## What is needed
Write out every entry word for word.

## Provided records
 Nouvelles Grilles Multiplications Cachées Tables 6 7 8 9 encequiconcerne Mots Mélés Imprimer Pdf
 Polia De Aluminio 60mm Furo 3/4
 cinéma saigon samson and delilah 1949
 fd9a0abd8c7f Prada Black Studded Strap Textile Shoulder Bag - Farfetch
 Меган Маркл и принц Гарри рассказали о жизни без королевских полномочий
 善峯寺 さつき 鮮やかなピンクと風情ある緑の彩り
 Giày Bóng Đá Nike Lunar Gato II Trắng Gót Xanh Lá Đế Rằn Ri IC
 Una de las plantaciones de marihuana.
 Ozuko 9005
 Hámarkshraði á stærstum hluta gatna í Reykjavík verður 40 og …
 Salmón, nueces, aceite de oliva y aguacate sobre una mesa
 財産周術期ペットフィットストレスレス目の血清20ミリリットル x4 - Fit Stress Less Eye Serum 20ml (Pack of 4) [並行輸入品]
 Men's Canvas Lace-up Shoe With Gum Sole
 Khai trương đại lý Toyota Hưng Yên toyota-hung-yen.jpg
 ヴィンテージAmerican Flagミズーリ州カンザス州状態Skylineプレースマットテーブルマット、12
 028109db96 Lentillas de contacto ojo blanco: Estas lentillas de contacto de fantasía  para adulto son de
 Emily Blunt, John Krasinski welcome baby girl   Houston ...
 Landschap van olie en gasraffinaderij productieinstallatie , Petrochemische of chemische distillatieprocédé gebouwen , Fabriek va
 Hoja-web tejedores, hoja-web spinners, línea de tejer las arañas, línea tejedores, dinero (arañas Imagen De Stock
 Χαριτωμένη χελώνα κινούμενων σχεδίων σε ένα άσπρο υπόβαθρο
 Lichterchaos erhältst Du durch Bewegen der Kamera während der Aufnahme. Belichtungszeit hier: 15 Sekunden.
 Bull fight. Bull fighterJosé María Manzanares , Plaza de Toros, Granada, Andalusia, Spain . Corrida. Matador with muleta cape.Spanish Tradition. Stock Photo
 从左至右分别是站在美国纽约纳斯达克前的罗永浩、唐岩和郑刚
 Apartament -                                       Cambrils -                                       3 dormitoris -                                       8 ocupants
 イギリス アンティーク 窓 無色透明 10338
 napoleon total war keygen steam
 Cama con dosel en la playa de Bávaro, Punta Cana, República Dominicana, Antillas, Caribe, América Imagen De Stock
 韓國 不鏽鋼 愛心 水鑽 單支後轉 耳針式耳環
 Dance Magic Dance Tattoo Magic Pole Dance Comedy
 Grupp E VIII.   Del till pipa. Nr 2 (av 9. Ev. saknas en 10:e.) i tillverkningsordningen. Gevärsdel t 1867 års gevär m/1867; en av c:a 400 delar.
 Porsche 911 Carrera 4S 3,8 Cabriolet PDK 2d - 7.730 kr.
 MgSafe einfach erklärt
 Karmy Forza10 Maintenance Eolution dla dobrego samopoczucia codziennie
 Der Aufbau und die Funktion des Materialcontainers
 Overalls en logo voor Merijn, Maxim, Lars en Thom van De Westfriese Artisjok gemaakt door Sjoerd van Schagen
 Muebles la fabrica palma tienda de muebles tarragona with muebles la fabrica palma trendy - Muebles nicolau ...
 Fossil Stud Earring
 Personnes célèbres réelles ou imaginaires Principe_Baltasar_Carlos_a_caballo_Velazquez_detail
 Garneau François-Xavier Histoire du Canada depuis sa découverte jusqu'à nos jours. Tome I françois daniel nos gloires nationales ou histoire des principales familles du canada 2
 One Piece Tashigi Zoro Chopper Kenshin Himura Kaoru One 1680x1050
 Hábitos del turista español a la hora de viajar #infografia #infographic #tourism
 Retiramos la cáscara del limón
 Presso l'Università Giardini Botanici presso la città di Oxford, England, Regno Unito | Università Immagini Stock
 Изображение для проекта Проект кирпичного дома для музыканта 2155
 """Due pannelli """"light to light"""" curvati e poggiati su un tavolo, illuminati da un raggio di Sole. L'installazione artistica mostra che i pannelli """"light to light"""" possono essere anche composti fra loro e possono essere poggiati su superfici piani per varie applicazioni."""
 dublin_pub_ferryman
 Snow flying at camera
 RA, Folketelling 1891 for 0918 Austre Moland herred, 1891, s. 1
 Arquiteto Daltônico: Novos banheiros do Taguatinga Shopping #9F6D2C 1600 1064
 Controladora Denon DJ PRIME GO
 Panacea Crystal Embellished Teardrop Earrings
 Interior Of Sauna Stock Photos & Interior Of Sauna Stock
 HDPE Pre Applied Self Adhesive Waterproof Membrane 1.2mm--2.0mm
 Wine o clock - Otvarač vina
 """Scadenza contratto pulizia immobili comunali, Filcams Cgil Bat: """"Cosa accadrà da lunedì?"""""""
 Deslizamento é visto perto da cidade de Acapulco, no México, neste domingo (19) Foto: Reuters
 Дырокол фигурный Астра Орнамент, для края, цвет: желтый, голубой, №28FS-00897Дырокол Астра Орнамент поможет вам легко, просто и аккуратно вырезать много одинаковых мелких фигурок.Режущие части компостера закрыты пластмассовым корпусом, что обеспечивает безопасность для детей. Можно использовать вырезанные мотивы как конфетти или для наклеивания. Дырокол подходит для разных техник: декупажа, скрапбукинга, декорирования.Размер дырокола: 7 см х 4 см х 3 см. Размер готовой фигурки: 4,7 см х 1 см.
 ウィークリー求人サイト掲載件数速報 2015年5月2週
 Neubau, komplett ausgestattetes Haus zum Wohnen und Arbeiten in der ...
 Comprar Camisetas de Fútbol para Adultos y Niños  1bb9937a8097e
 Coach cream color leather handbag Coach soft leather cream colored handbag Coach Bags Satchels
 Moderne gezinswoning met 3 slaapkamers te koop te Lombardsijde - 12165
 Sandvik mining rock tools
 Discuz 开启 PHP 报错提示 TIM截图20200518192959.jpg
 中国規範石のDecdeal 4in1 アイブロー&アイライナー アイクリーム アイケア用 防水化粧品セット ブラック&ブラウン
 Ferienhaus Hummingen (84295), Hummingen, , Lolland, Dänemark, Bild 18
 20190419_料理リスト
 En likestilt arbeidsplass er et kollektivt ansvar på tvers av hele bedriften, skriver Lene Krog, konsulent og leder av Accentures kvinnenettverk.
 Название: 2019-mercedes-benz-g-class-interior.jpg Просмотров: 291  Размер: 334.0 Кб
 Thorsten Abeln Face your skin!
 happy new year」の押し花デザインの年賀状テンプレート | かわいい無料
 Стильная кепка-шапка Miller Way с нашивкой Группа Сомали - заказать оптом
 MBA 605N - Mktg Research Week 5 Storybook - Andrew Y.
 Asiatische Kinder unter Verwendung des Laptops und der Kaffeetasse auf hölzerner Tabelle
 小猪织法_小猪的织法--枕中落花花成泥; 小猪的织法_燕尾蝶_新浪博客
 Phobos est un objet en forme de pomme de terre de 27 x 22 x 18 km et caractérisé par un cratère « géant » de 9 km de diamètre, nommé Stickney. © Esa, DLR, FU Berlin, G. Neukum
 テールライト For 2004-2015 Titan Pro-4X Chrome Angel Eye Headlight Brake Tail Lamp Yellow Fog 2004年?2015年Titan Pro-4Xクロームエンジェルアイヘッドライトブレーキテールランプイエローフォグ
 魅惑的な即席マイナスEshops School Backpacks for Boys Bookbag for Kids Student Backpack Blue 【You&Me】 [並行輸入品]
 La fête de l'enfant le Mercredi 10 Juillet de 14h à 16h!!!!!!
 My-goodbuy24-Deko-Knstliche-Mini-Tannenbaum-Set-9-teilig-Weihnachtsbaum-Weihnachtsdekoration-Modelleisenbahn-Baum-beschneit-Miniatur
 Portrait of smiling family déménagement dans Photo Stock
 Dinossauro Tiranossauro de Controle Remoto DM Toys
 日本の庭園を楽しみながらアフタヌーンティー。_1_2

## Solution to the exercise
 Nouvelles Grilles Multiplications Cachées Tables 6 7 8 9 encequiconcerne Mots Mélés Imprimer Pdf
 Polia De Aluminio 60mm Furo 3/4
 cinéma saigon samson and delilah 1949
 fd9a0abd8c7f Prada Black Studded Strap Textile Shoulder Bag - Farfetch
 Меган Маркл и принц Гарри рассказали о жизни без королевских полномочий
 善峯寺 さつき 鮮やかなピンクと風情ある緑の彩り
 Giày Bóng Đá Nike Lunar Gato II Trắng Gót Xanh Lá Đế Rằn Ri IC
 Una de las plantaciones de marihuana.
 Ozuko 9005
 Hámarkshraði á stærstum hluta gatna í Reykjavík verður 40 og …
 Salmón, nueces, aceite de oliva y aguacate sobre una mesa
 財産周術期ペットフィットストレスレス目の血清20ミリリットル x4 - Fit Stress Less Eye Serum 20ml (Pack of 4) [並行輸入品]
 Men's Canvas Lace-up Shoe With Gum Sole
 Khai trương đại lý Toyota Hưng Yên toyota-hung-yen.jpg
 ヴィンテージAmerican Flagミズーリ州カンザス州状態Skylineプレースマットテーブルマット、12
 028109db96 Lentillas de contacto ojo blanco: Estas lentillas de contacto de fantasía  para adulto son de
 Emily Blunt, John Krasinski welcome baby girl   Houston ...
 Landschap van olie en gasraffinaderij productieinstallatie , Petrochemische of chemische distillatieprocédé gebouwen , Fabriek va
 Hoja-web tejedores, hoja-web spinners, línea de tejer las arañas, línea tejedores, dinero (arañas Imagen De Stock
 Χαριτωμένη χελώνα κινούμενων σχεδίων σε ένα άσπρο υπόβαθρο
 Lichterchaos erhältst Du durch Bewegen der Kamera während der Aufnahme. Belichtungszeit hier: 15 Sekunden.
 Bull fight. Bull fighterJosé María Manzanares , Plaza de Toros, Granada, Andalusia, Spain . Corrida. Matador with muleta cape.Spanish Tradition. Stock Photo
 从左至右分别是站在美国纽约纳斯达克前的罗永浩、唐岩和郑刚
 Apartament -                                       Cambrils -                                       3 dormitoris -                                       8 ocupants
 イギリス アンティーク 窓 無色透明 10338
 napoleon total war keygen steam
 Cama con dosel en la playa de Bávaro, Punta Cana, República Dominicana, Antillas, Caribe, América Imagen De Stock
 韓國 不鏽鋼 愛心 水鑽 單支後轉 耳針式耳環
 Dance Magic Dance Tattoo Magic Pole Dance Comedy
 Grupp E VIII.   Del till pipa. Nr 2 (av 9. Ev. saknas en 10:e.) i tillverkningsordningen. Gevärsdel t 1867 års gevär m/1867; en av c:a 400 delar.
 Porsche 911 Carrera 4S 3,8 Cabriolet PDK 2d - 7.730 kr.
 MgSafe einfach erklärt
 Karmy Forza10 Maintenance Eolution dla dobrego samopoczucia codziennie
 Der Aufbau und die Funktion des Materialcontainers
 Overalls en logo voor Merijn, Maxim, Lars en Thom van De Westfriese Artisjok gemaakt door Sjoerd van Schagen
 Muebles la fabrica palma tienda de muebles tarragona with muebles la fabrica palma trendy - Muebles nicolau ...
 Fossil Stud Earring
 Personnes célèbres réelles ou imaginaires Principe_Baltasar_Carlos_a_caballo_Velazquez_detail
 Garneau François-Xavier Histoire du Canada depuis sa découverte jusqu'à nos jours. Tome I françois daniel nos gloires nationales ou histoire des principales familles du canada 2
 One Piece Tashigi Zoro Chopper Kenshin Himura Kaoru One 1680x1050
 Hábitos del turista español a la hora de viajar #infografia #infographic #tourism
 Retiramos la cáscara del limón
 Presso l'Università Giardini Botanici presso la città di Oxford, England, Regno Unito | Università Immagini Stock
 Изображение для проекта Проект кирпичного дома для музыканта 2155
 """Due pannelli """"light to light"""" curvati e poggiati su un tavolo, illuminati da un raggio di Sole. L'installazione artistica mostra che i pannelli """"light to light"""" possono essere anche composti fra loro e possono essere poggiati su superfici piani per varie applicazioni."""
 dublin_pub_ferryman
 Snow flying at camera
 RA, Folketelling 1891 for 0918 Austre Moland herred, 1891, s. 1
 Arquiteto Daltônico: Novos banheiros do Taguatinga Shopping #9F6D2C 1600 1064
 Controladora Denon DJ PRIME GO
 Panacea Crystal Embellished Teardrop Earrings
 Interior Of Sauna Stock Photos & Interior Of Sauna Stock
 HDPE Pre Applied Self Adhesive Waterproof Membrane 1.2mm--2.0mm
 Wine o clock - Otvarač vina
 """Scadenza contratto pulizia immobili comunali, Filcams Cgil Bat: """"Cosa accadrà da lunedì?"""""""
 Deslizamento é visto perto da cidade de Acapulco, no México, neste domingo (19) Foto: Reuters
 Дырокол фигурный Астра Орнамент, для края, цвет: желтый, голубой, №28FS-00897Дырокол Астра Орнамент поможет вам легко, просто и аккуратно вырезать много одинаковых мелких фигурок.Режущие части компостера закрыты пластмассовым корпусом, что обеспечивает безопасность для детей. Можно использовать вырезанные мотивы как конфетти или для наклеивания. Дырокол подходит для разных техник: декупажа, скрапбукинга, декорирования.Размер дырокола: 7 см х 4 см х 3 см. Размер готовой фигурки: 4,7 см х 1 см.
 ウィークリー求人サイト掲載件数速報 2015年5月2週
 Neubau, komplett ausgestattetes Haus zum Wohnen und Arbeiten in der ...
 Comprar Camisetas de Fútbol para Adultos y Niños  1bb9937a8097e
 Coach cream color leather handbag Coach soft leather cream colored handbag Coach Bags Satchels
 Moderne gezinswoning met 3 slaapkamers te koop te Lombardsijde - 12165
 Sandvik mining rock tools
 Discuz 开启 PHP 报错提示 TIM截图20200518192959.jpg
 中国規範石のDecdeal 4in1 アイブロー&アイライナー アイクリーム アイケア用 防水化粧品セット ブラック&ブラウン
 Ferienhaus Hummingen (84295), Hummingen, , Lolland, Dänemark, Bild 18
 20190419_料理リスト
 En likestilt arbeidsplass er et kollektivt ansvar på tvers av hele bedriften, skriver Lene Krog, konsulent og leder av Accentures kvinnenettverk.
 Название: 2019-mercedes-benz-g-class-interior.jpg Просмотров: 291  Размер: 334.0 Кб
 Thorsten Abeln Face your skin!
 happy new year」の押し花デザインの年賀状テンプレート | かわいい無料
 Стильная кепка-шапка Miller Way с нашивкой Группа Сомали - заказать оптом
 MBA 605N - Mktg Research Week 5 Storybook - Andrew Y.
 Asiatische Kinder unter Verwendung des Laptops und der Kaffeetasse auf hölzerner Tabelle
 小猪织法_小猪的织法--枕中落花花成泥; 小猪的织法_燕尾蝶_新浪博客
 Phobos est un objet en forme de pomme de terre de 27 x 22 x 18 km et caractérisé par un cratère « géant » de 9 km de diamètre, nommé Stickney. © Esa, DLR, FU Berlin, G. Neukum
 テールライト For 2004-2015 Titan Pro-4X Chrome Angel Eye Headlight Brake Tail Lamp Yellow Fog 2004年?2015年Titan Pro-4Xクロームエンジェルアイヘッドライトブレーキテールランプイエローフォグ
 魅惑的な即席マイナスEshops School Backpacks for Boys Bookbag for Kids Student Backpack Blue 【You&Me】 [並行輸入品]
 La fête de l'enfant le Mercredi 10 Juillet de 14h à 16h!!!!!!
 My-goodbuy24-Deko-Knstliche-Mini-Tannenbaum-Set-9-teilig-Weihnachtsbaum-Weihnachtsdekoration-Modelleisenbahn-Baum-beschneit-Miniatur
 Portrait of smiling family déménagement dans Photo Stock
 Dinossauro Tiranossauro de Controle Remoto DM Toys
 日本の庭園を楽しみながらアフタヌーンティー。_1_2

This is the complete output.